The Insider (1999)

Directed by Michael Mann. Written by Eric Roth and Michael Mann

The all too believable corruption, callousness and cowardice on display in The Insider makes you want to light the world on fire. 

Its (mostly true) story of a whistleblower’s outmatched fight against the tobacco industry triggers something instinctive in us, because his intention is pure while their persecution of him is anything but. Someone getting destroyed for doing the right thing is tough to stomach and it places an indignant ire right in your bowels, like coal hoisted into the furnace in the engine room of our emotions. Outrage billows out. 

Meanwhile, a journalist’s fight to share our whistleblower’s truth encounters a different, but equally upsetting reality, as a dollar bill proves mightier than the pen. The watchdog is a lap dog, after all. Add consternation to your outrage. 

There’s a lot of ugly feelings at work in Mann’s movie, yet despair isn’t one of them, as he brings back his usual leading men of deep ability despite their flaws, and for its rather long runtime, The Insider is an icy thriller driven by seething frustration at the state of things. 

Russell Crowe is Jeffrey Wigand, recently fired head of research at a major tobacco company. He’s sitting on a secret, but a gilded non-disclosure agreement keeps his lips sealed. He’s got kids and a wife you see, and those severance terms will provide for them. But he’s burning with anger at what he’s seen. Al Pacino is Lowell Bergman, a producer on 60 Minutes, a journalistic institution famed for dogged fact-finding. He wants to tell Wigand’s story, but that proves difficult, and not for the reasons he assumes. 

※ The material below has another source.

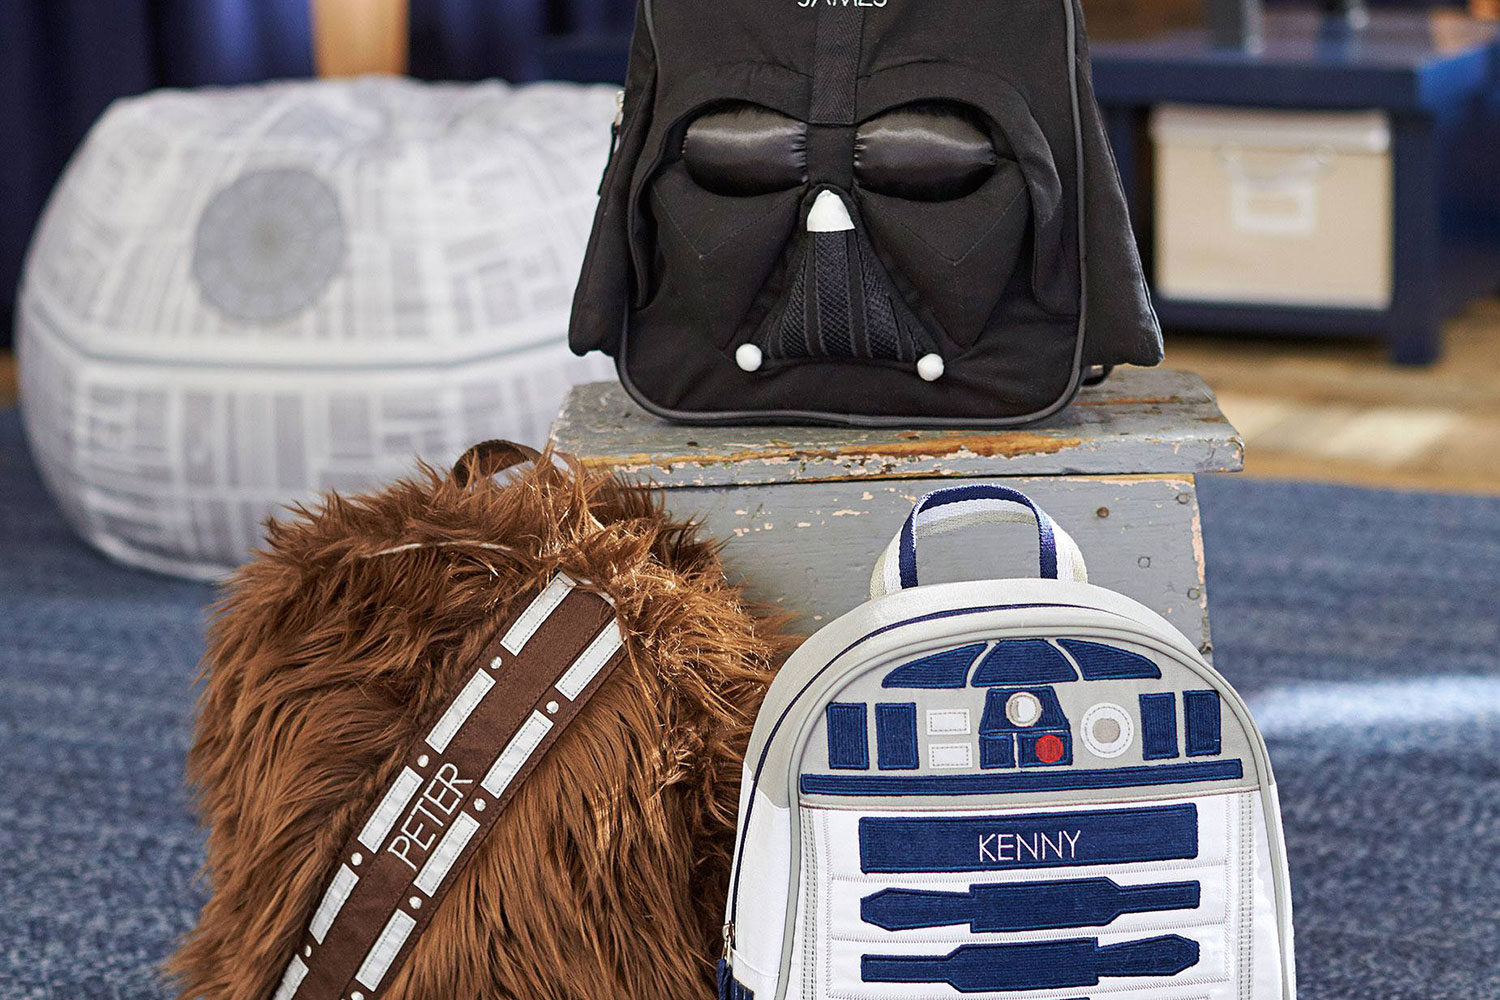 pottery barn has a 4000 star wars bed for sale  backpacks with sound 50

The Insider’s a movie that’s almost two movies. In one of them, you have a whistleblowing loner set upon by the full vindictive force a corporation can wield in the U.S., and in the second, a journalist who, in the pursuit of that loner’s story unearths the rotten core of his own business. There’s a shared frustrated bid for the truth in both cases that unites them, but any attempt to dovetail the nature of their grievances feels tenuous. 

It means The Insider wavers a bit during its middle where you’re not sure where it’s driving at. Is it about a concerned citizen’s lonely self-sacrifice in unveiling a tobacco company’s nefarious behavior, or is it about the rotten state of journalism that seems toothless to truly hold power to account?

The narrative structure of Mann’s movie isn’t made of cast iron, but the compelling construction of its parts keep The Insider from sagging. That might be due to the hot anger that runs through both Jeffrey and Lowell as well as you, coursing through your veins and pushing you through the story, hellbent on satisfaction. 

Mann, however, with his usual composure, shows it all with a cool detachment that makes relatable, vulnerable men into something bigger, tougher, and impenetrable due to the qualities they possess and stand by. Few can hype up his characters like Mann without it feeling forced, keeping The Insider tethered while the David vs. Goliath confrontation gives everything a sense of the epic. 

Pacino brings his trademark intensity and dials it down a smidge to portray a journalist who has the gumption to hold powerful people to account but is also a pragmatist. Pacino certainly knows how to channel anger, and it often spills into erraticism, but there’s a hard focus to it here. He’s great in The Insider, and while Pacino certainly isn’t lacking in appreciation, his work here does feel a little underappreciated in a decade that also includes stellar performances in Heat and Glengarry Glen Ross

So a sleeper Pacino performance amidst an all-star cast shines in the darkness of an all-too familiar tale of a broken system that also indicts modern media years before its shortcomings became obvious. In the wings, an easy exposé on the villainy of big business, and altogether an ambitious film that lands its punches despite circling around the ring one too many times.